Run 2026-05-27 (completed 2026-05-28):

```powershell
npm run threebody:phase15b:normalizer
```

- **1,728 trials** written to `results/threebody/phase15b-normalizer-audit-lock/`
- **wall-clock: 791.2 min (13 h 11 m)** — per-step audit overhead (12 fields ×
  ~4,000 steps × 1,728 trials) is substantial; treated as a single overnight run
- candidate envelope rows: 44 / 180
- outcomes: escape 1,244 / bounded 428 / close_approach 56
- all aggregate CSVs present; all new counterfactual audit columns populated

### Aggregate table — favorable pocket (v ≥ 1.05), by mode × candidate split

| mode | split | n rows | floor rate | floor raw eff | floor pos rate | floor score | non-floor score | non-floor steps |
|---|---|---:|---:|---:|---:|---:|---:|---:|
| `track_sensor_accel_guarded` | CAND | 24 | 0.971 | ≈ 0 | 0.561 | +0.123 | n/a | 11,103 |
| `track_sensor_accel_guarded` | NON-CAND | 3 | 1.000 | ≈ 0 | 0.536 | +0.073 | n/a | 0 |
| `track_sensor_accel_signal_delay` | CAND | 12 | 0.954 | ≈ 0 | 0.401 | −0.197 | +0.317 | 8,267 |
| `track_sensor_accel_signal_delay` | NON-CAND | 15 | 0.844 | ≈ 0 | 0.605 | +0.211 | +0.358 | 16,889 |
| `track_sensor_accel_signal_shuffle` | NON-CAND | 27 | 0.725 | ≈ 0 | 0.785 | +0.570 | +0.312 | 5,102 |
| `track_sensor_accel_action_shuffle` | NON-CAND | 27 | 0.727 | ≈ 0 | 0.794 | +0.587 | +0.320 | 5,092 |
| `track_sensor_accel_sign_flip` | NON-CAND | 27 | 0.727 | ≈ 0 | 0.001 | −0.997 | −0.914 | 26,605 |

### §5B Branch: **Mixed / Partial Diagnostic**

**Floor-collapse supported** (§5B spec criterion) requires all of: non-candidate
TRACK floor-hit rate ≥ 0.20 **✓** (1.000), floor-hit raw effect positive **❌**
(≈ 0 — noise-level), floor-hit positive rate ≥ 0.60 **❌** (0.536), and at
least two ablation arms ≥ 0.10 lower in floor-hit positive rate **❌** (they are
**higher**: signal_shuffle 0.785, action_shuffle 0.794 vs TRACK 0.536).

**Floor-collapse rejected** (§5B spec criterion): TRACK floor-hit rate < 0.05
**❌** (1.000 — not met), OR TRACK floor-hit raw effect non-positive in both
splits **✓** (≈ 0 in both).
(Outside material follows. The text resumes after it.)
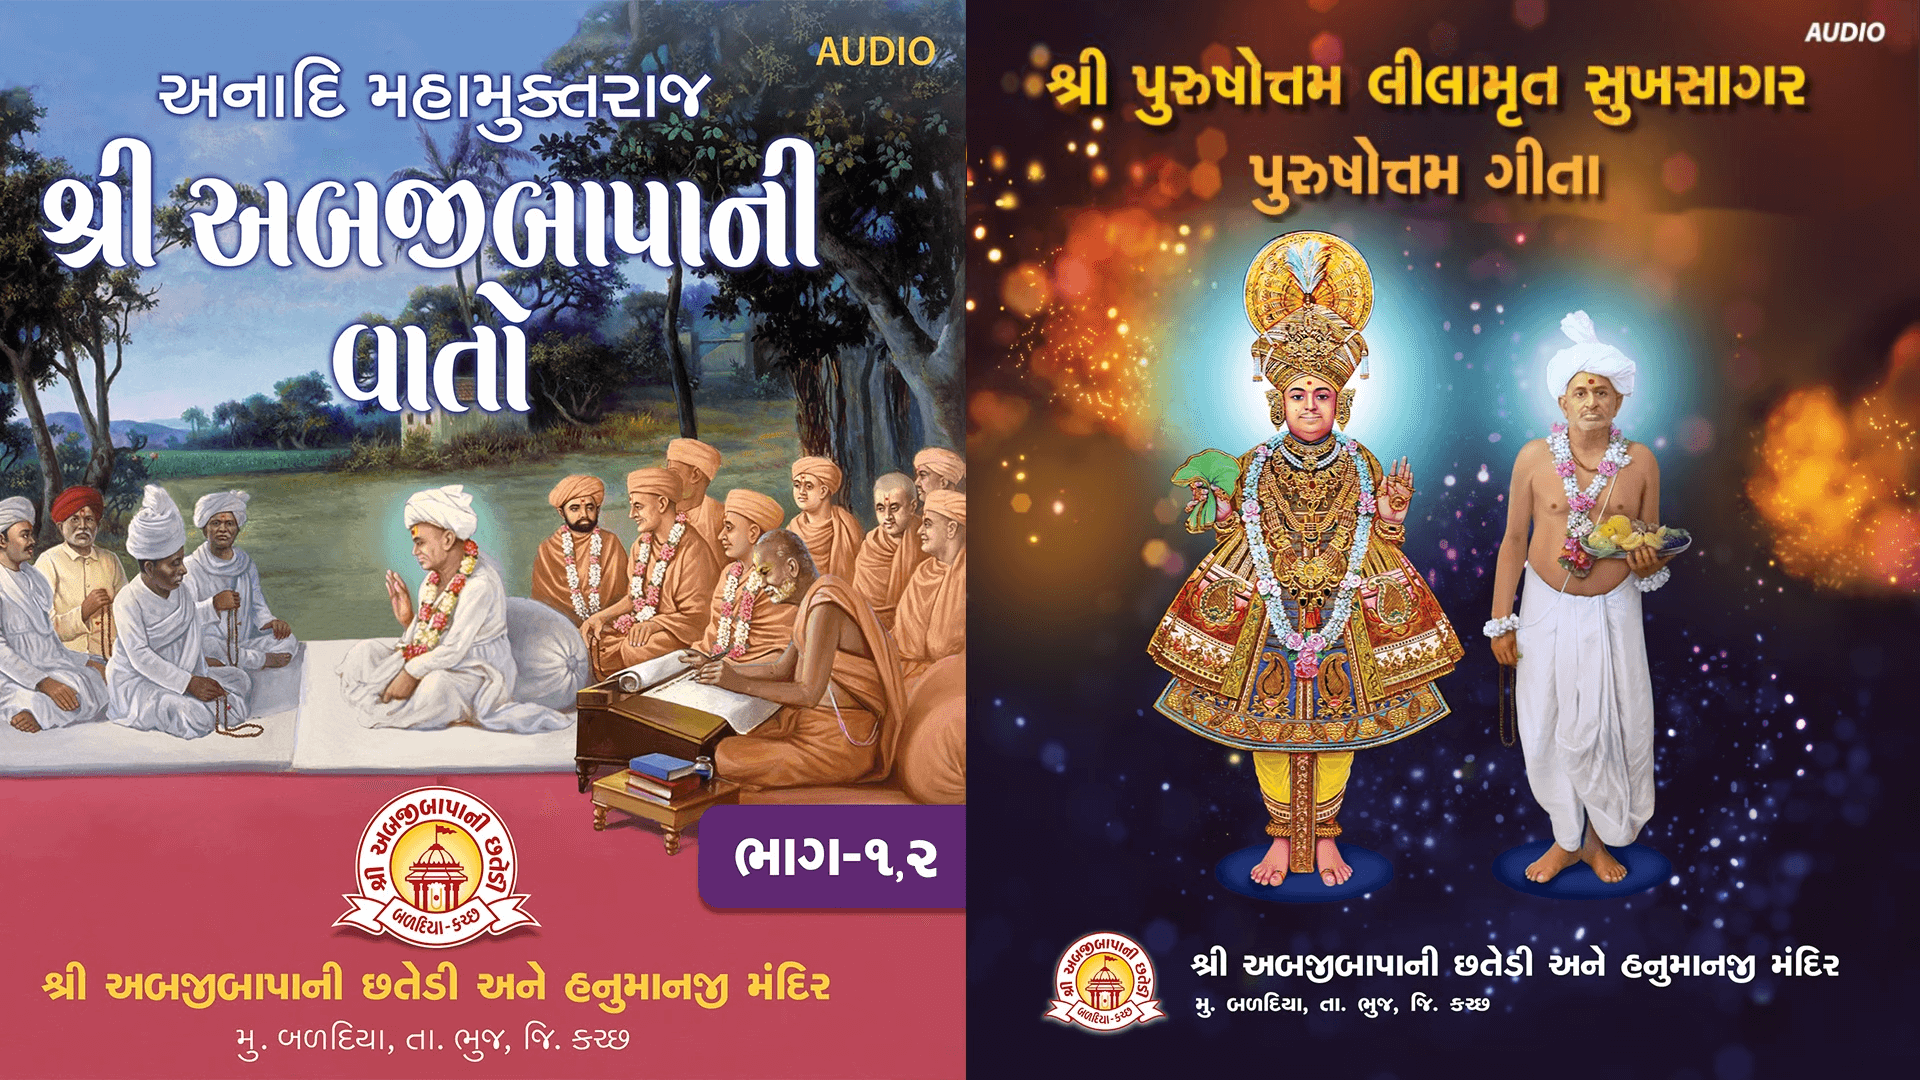 Abjibapani Vato Bhag 1,2 and Purshottam Lilamrut Sukhsagar Audio

The rate criterion is not met; the effect criterion
is met; rejection is therefore partial.

**Mixed / Partial Diagnostic** is the assigned branch: the denominator-floor
collapse is confirmed as near-universal (97–100% of TRACK eligible steps collapse
to 1e-9), but the floor-hit steps carry **no hidden positive signal specific to
TRACK** — raw effect ≈ 0, positive rate 0.536 (barely above chance), and the
ablation arms score *higher* on floor-hit positive rate (0.785, 0.794) not lower.

**Interpretation:** denominator collapse is real and near-total, but the Phase 15
magnitude miss is **not explained by the floor suppressing real hidden signal**.
When the oracle and noop are nearly identical per step — which is almost always —
TRACK's actions reduce energy at chance rate. The shuffled arms reduce energy more
often per floor-hit step, yet produce no candidate cells; TRACK produces candidate
cells but with noise-level per-step energy signal. The controller is winning on
survival through **multi-step trajectory steering**, not step-level energy
reduction against a locally undifferentiated oracle.

**Unexpected finding:** signal_delay non-candidate rows have floor-hit positive
rate 0.605 (above TRACK's 0.536) with non-floor score +0.358, while signal_delay
candidate rows flip to negative floor score (−0.197). The delay arm's mechanism
is different in cells where it succeeds vs fails: where it wins, the per-step
energy signal is anti-correlated with the floor steps. This asymmetry is a
candidate diagnostic for the multi-step horizon pass.

**Next step per branch:** denominator collapse is not the full explanation; the
Phase 15 one-step yardstick is detecting something at near-chance level. The
pre-registered follow-on is a **multi-step counterfactual** pass: measure
cumulative trajectory divergence over N steps (N ∈ {4, 8, 16, 32}) rather than a
single normalizer-collapsed step. The signal_delay candidate/non-candidate
asymmetry should be a primary stratification in the multi-step design.